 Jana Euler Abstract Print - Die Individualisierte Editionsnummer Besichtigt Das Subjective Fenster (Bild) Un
* * *
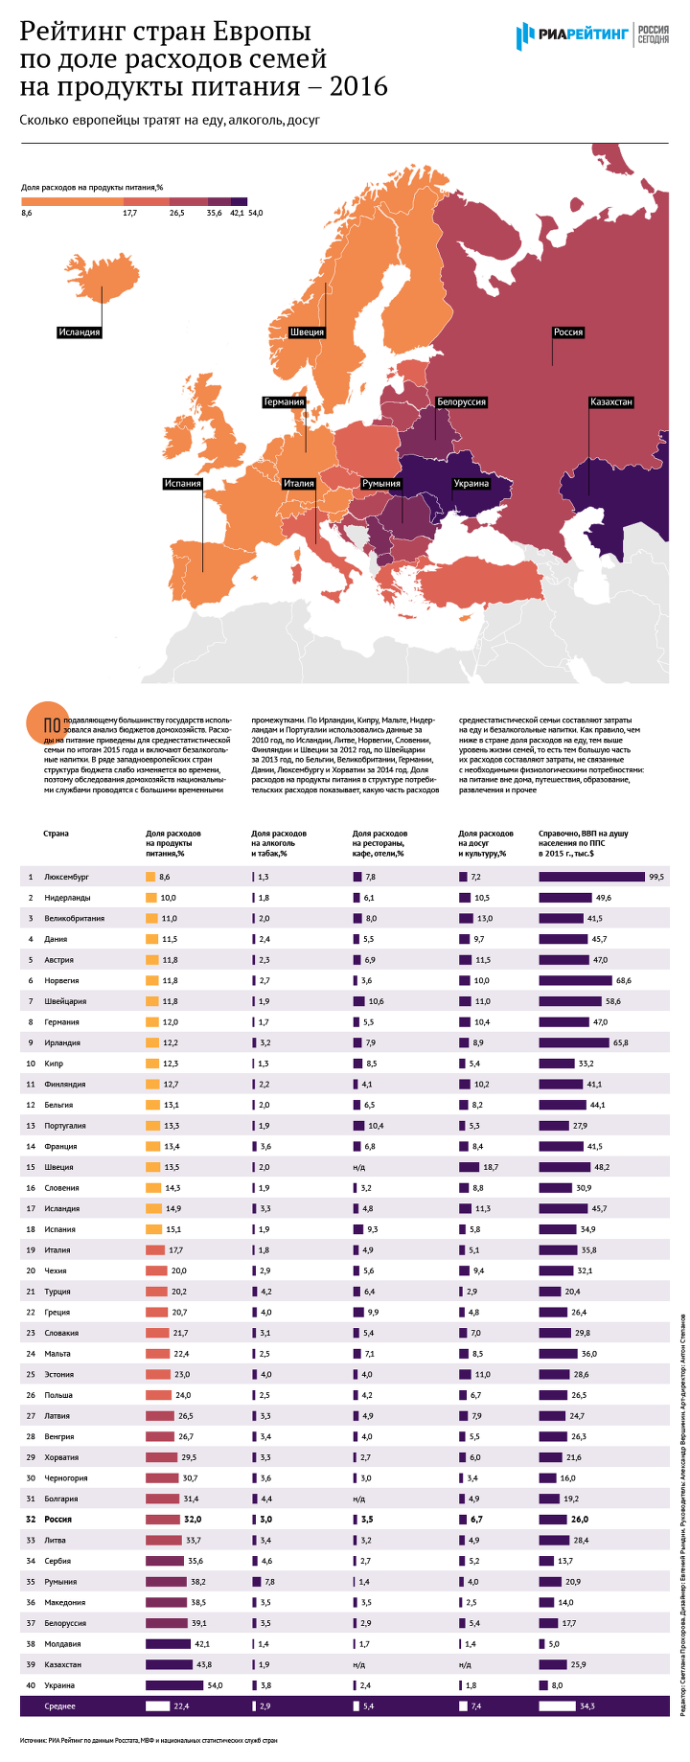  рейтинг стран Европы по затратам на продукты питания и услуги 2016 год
==
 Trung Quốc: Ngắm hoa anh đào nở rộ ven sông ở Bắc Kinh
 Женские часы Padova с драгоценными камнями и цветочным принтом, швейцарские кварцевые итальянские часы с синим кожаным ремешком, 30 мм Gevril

What to work on
Restate word for word the entries above, starting at the line with "Trung Quốc: Ngắm" and ending at the line with "Женские часы Padova", inclusive, and no others.

Answer below
 Trung Quốc: Ngắm hoa anh đào nở rộ ven sông ở Bắc Kinh
 Женские часы Padova с драгоценными камнями и цветочным принтом, швейцарские кварцевые итальянские часы с синим кожаным ремешком, 30 мм Gevril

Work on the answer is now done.